Comment by iterateoften
1 day ago
I stopped writing open source projects on github because why put a bunch of work into something for others to train off of without any regard for the original projects
1 day ago
I stopped writing open source projects on github because why put a bunch of work into something for others to train off of without any regard for the original projects
I don't understand this mindset. I solve problems on stackoverflow and github because I want those problems to stay solved. If the fixes are more convenient for people to access as weights in an LLM... who cares?
I'd be all for forcing these companies to open source their models. I'm game to hear other proposals. But "just stop contributing to the commons" strikes me as a very negative result here.
We desperately need better legal abstractions for data-about-me and data-I-created so that we can stop using my-data as a one-size-fits-all square peg. Property is just out of place here.

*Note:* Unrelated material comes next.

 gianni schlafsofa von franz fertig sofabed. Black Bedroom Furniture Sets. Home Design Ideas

I have mixed opinions on the "AI=theft" argument people make, and I generally lean towards "it's not theft", but I do see the argument.

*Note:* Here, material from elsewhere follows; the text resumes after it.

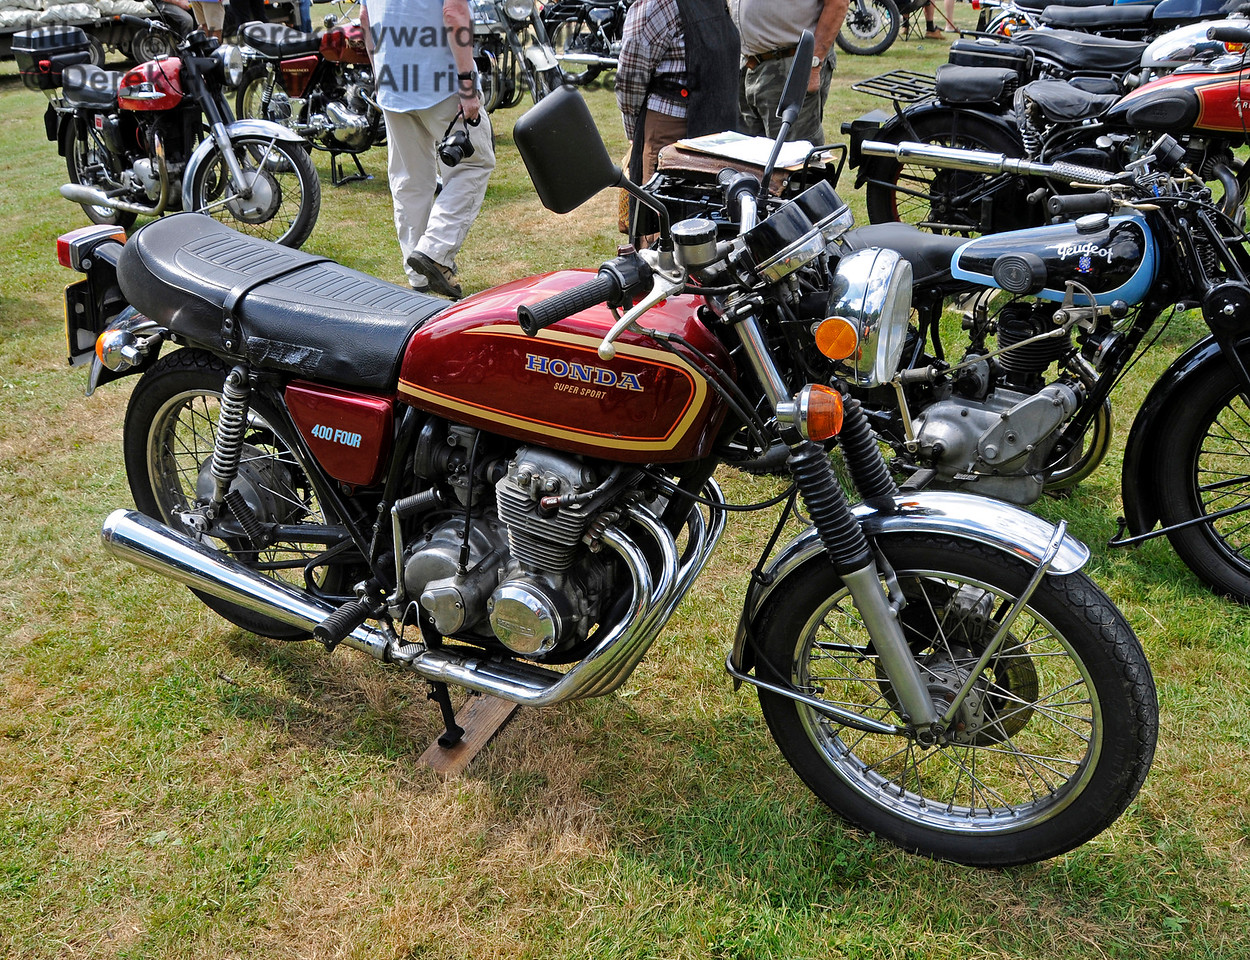 Best Motor Cycle in the Post-War category was a Honda CB 400/4, JBY3N, owned by Alan George.  Vintage Transport Weekend, Horsted Keynes, 14.08.2016  16178

If I put something on Github with a GPL 3 license, it's supposed to require anyone with access to the binary to also have access to the source code. The concern is, if you think that it is theft, then someone can train an LLM on your GPL code, and then a for-profit corporation can use the code (or any clever algorithms you've come up with) and effectively "launder" your use of GPL code and make money in the process. It basically would be converting your code from Copyleft to Public Domain, which I think a lot of people would have an issue with.
The thing is, LLMs aren’t redistributing your code. You’d have a minuscule chance of an LLM actually reproducing your code verbatim without major modifications.
Copyright and copyleft only deal with source code distribution. Your last sentence is not really true from a factual perspective.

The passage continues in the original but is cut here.